Дверь в "контору" резко распахнулась, и на крыльцо выскочил дежурный радист:
- Товарищ академик! Пилот "Л-1070" сообщает: "Квадрат Б-17, высота тридцать тысяч метров, обнаружена СЭС. Она медленно снижается".
Глава VII
В ЛОГОВЕ ВЕЧНЫХ БУРЬ
Александров очнулся от ощущений сильной боли в левой руке. А когда сознание совсем вернулось к нему, он ощутил еще и тупую, тяжелую боль, сжимавшую череп и грудь.
"Что же случилось? Ах да, мы отцепились... Поднялись, наверно, на большую высоту, - с усилием разлепляя веки, подумал воздухоплаватель. - А что с Панюшкиным? А что же у меня с рукой? Похоже - вывих".
С трудом повернув голову, он огляделся. В отсветах потухающей зари его взору предстала страшная картина. На полу гондолы лицом вверх неподвижно лежал Панюшкин в невероятно раздувшемся скафандре.

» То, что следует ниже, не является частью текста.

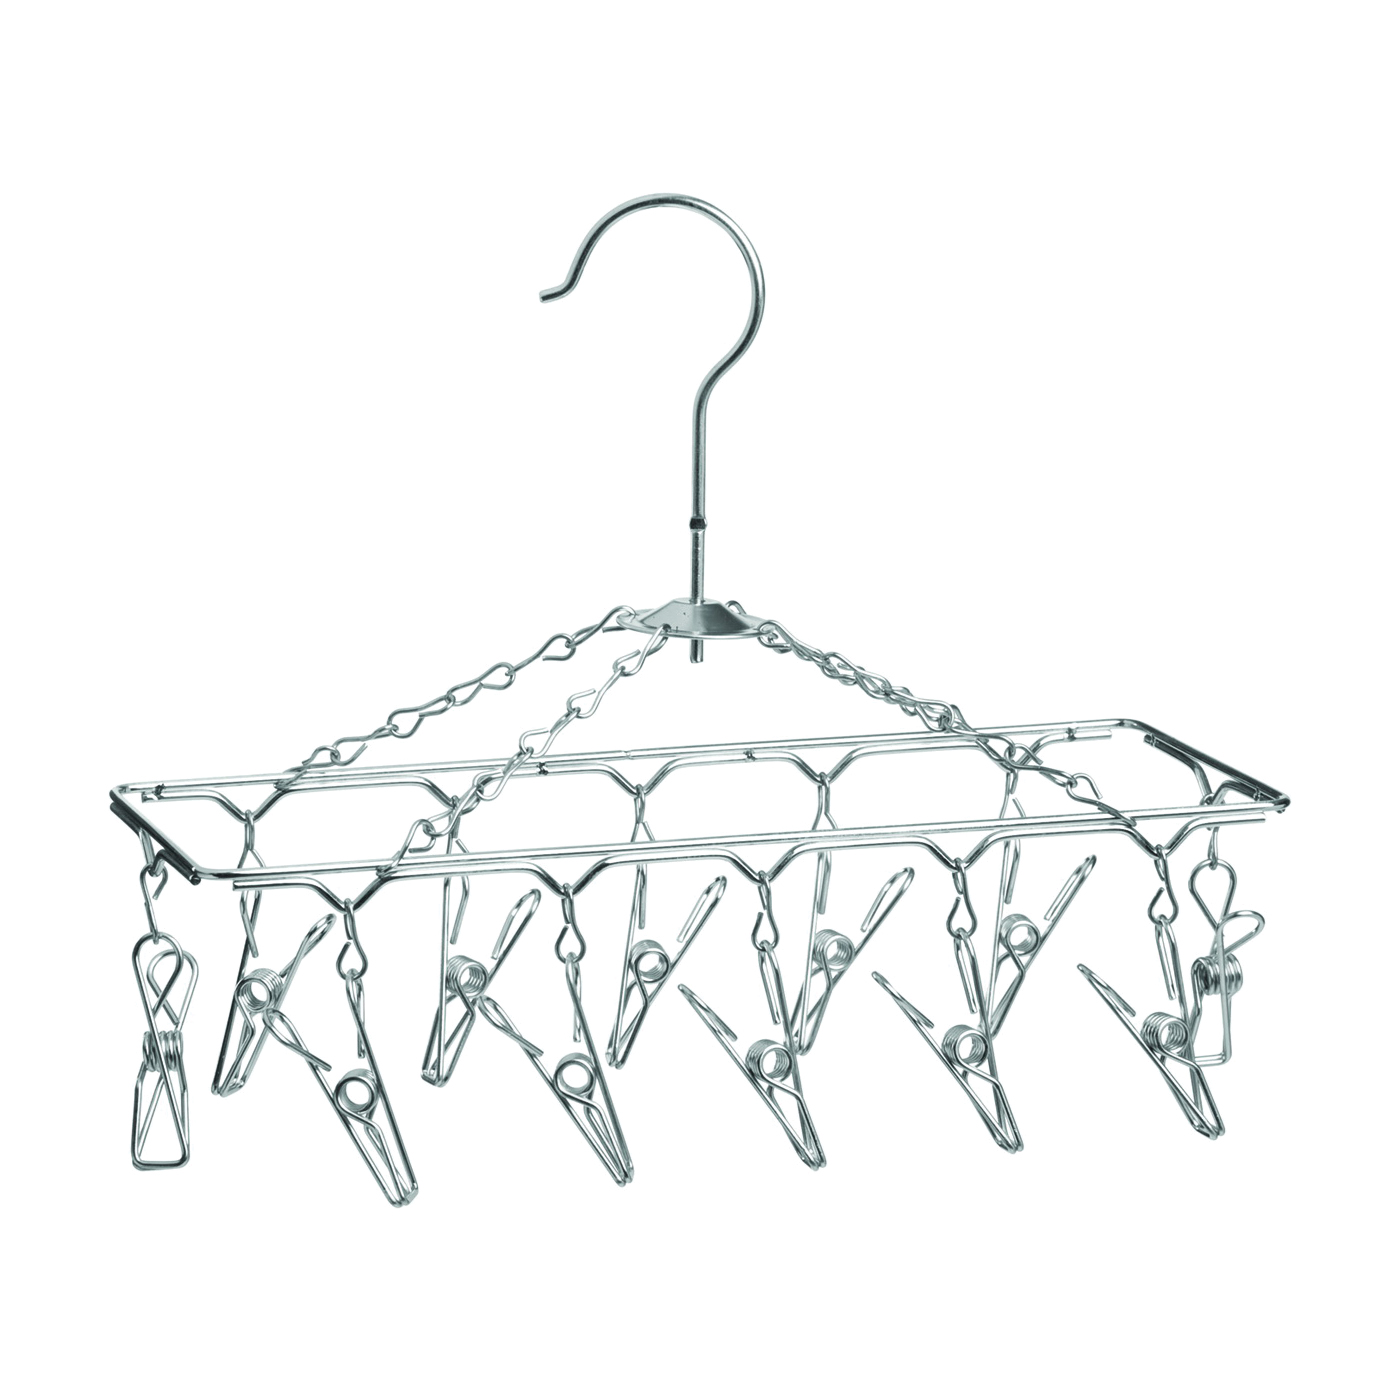 DRY-01102 Drying Rack, Stainless Steel, 11-3/4 in W, 6 in H, 4-3/4 in L

Ноги его были неестественно вывернуты. Руки заброшены за спину. Губы черны. На щеках проступила синева.
"Неужели задохся насмерть?"
От этой страшной мысли сознание Александрова прояснилось, и он даже перестал ощущать боль.
"Скафандр Панюшкина не поврежден - иначе он не раздулся бы, - решил Александров. - Но, очевидно, в скафандре испорчен кислородоподающий аппарат. Парню немедленно нужно дать кислород. Может быть, он жив еще?"
Александров стал приподниматься и, поворачиваясь, вдруг обнаружил, что его также, сильно раздувшийся скафандр зажало между креслом и стенкой гондолы. И Александров не смог не только приподняться, но даже продвинуться на несколько сантиметров по направлению к Панюшкину.
Превозмогая боль в вывихнутой руке, воздухоплаватель попробовал освободиться, сначала просто отталкиваясь от пола здоровой рукой, а затем рывком, напрягая мускулы всего тела. Однако растянутая внутренним давлением оболочка скафандра потеряла гибкость и превратилась как бы в стальные латы. Она звенела и не прогибалась.
Несколько попыток освободиться отняли у Александрова много сил, и он почувствовал, что вот-вот сознание снова оставит его.
"Надо передохнуть немного", - подумал он. Однако, взглянув на Панюшкина, он понял, что если можно еще спасти товарища, то только оказав ему помощь немедленно. Александров опять напряг мускулы. Но опять безрезультатно. Красные круги поплыли перед его глазами, а с ними - мысли отчаяния.
"Нет, ничего не выйдет! Погибнет парень... Да и ты тоже погибнешь. Глупо погибнешь - как крыса в капкане".
Холодные мурашки пробежали по спине Александрова. У него сжалось и затем тяжело забилось сердце.
Однако приступ отчаяния был непродолжительным. Великое чувство долга помочь товарищу в беде прежде, чем самому себе, столь свойственное советским людям, дало ему силы быстро преодолеть минутную слабость духа. Мозг его лихорадочно заработал в поисках выхода.
Прежде всего надо во что бы то ни стало добыть себе свободу движений.
"Надо! Надо! - твердил он, стискивая зубы. - Ты же коммунист и не имеешь права сдаваться! Спокойно анализируй положение. Думай, думай. Ищи выход..."
И, перебрав в уме несколько возможных решений, Александров нашел единственно верное.
С трудом согнул он здоровую руку в локте - она была внешне похожа сейчас на обрубок довольно толстого бревна - и, нащупав у плеча регуляторы вентиляционного устройства и подачи кислорода, резко повернул кислородный кран.
Животворный газ хлынул в скафандр. И сразу же Александров ощутил прилив энергии. С глаз его спала пелена и мысли стали четче и яснее.
Сделав несколько глубоких вдохов, Александров выключил кислород и стал медленно открывать вентиляционный клапан. Послышался пронзительный свист - воздух устремился из скафандра в окружающую разреженную атмосферу. Струя этого воздуха выходила фонтаном бело-розового пара.
Скоро Александров почувствовал резкую боль в ушах, носу и груди. У него перехватило дыхание. С огромным напряжением удержался он от того, чтобы закрыть регулятор. И только тогда, когда из носа и рта его пошла кровь, он перестал травить воздух. Давление внутри скафандра снизилось, тургор его оболочки ослабел, и она стала относительно эластичной.